Never before had the CDC successfully mined the mountain of data that supermarket chains compile.

Of course it does raise some privacy issues
Longtime shopper-card critic Katherine Albrecht, director of a group called Consumers Against Supermarket Privacy Invasion and Numbering, said she worries that the practice could lead to a switch from a voluntary system to mandatory use of such cards.

"That sends chills down my spine," she said.

I've never been all that paranoid about the privacy aspect of the store cards - I just hate having to carry around ten or twenty cards on the off chance I might stop in to buy something. But I can see how the information could be abused. Imagine if your health insurance company started looking over your buying habits, jacking your rates if they saw too many bags of cheesy poofs.

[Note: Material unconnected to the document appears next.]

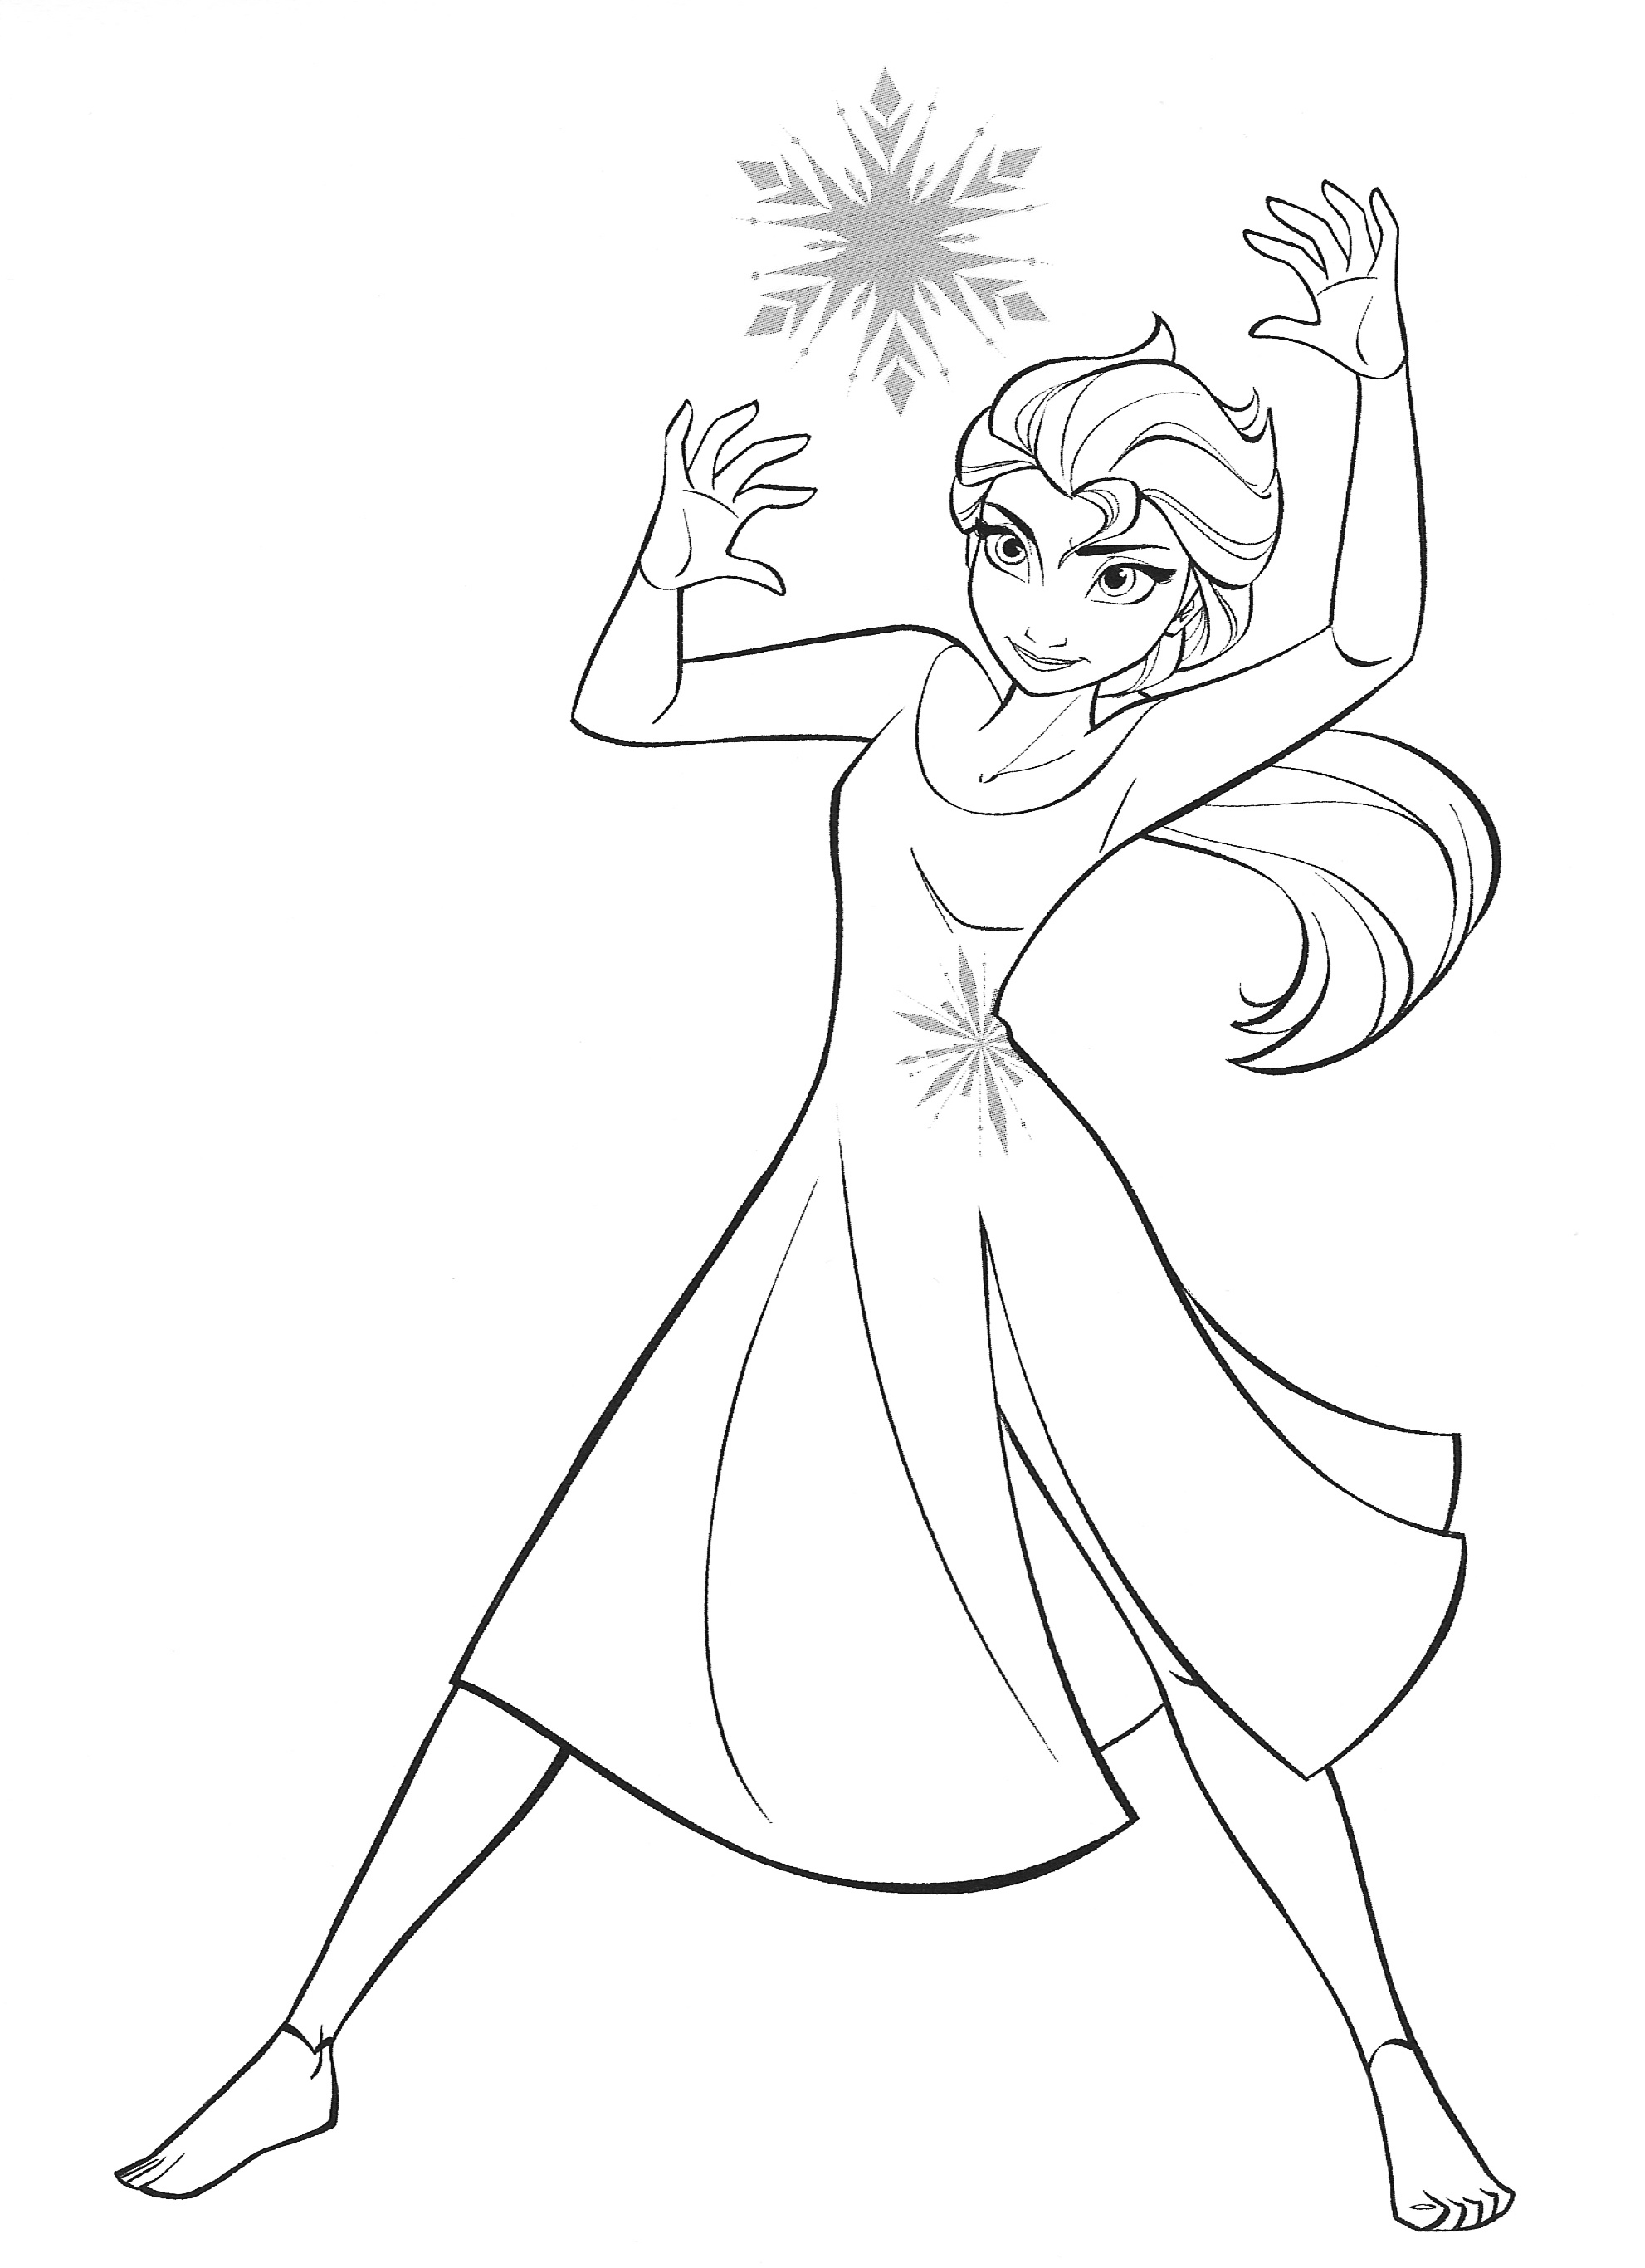 Disney Frozen 2 Coloring Pages Drawing Elsa Anna And Olaf Frozen 2

Of course our expectation of privacy may be changing. And it is no longer just "Big Brother" from 1984 that we need to worry about - we are doing it to ourselves. We are broadcasting so much information voluntarily through blogs, Facebook, Twitter and the like. There are apps that use the GPS in your phone to update folks on your whereabouts at all times that folks are paying to have. "Over the last few years the consensus about privacy on the Internet seems to have changed a lot. A few years ago, people were still hesitant about using their real names online, but nowadays people are comfortable sharing their exact location with the whole world."

To raise awareness of the dangers of this voluntary broadcasting, some Dutch folks launched a website called PleaseRobMe.com. For a while it was publishing Twitter posts from random users like "I'm enjoying a drink at Murphy's Pub" or "heading out of town for the weekend" to point out how that information can be abused, and how little we think about posting it. The response was understandably huge and mixed, and they are no longer broadcasting tweets. "We're not showing the Twitter messages anymore, as they no longer add anything. If you don't want your information to show up everywhere, don't over-share ;-)"

I avoid mentioning out of town trips, etc. until I get back for this very reason. But in this over-broadcasting era we live in, it doesn't hurt to get a reminder once in a while to think before posting.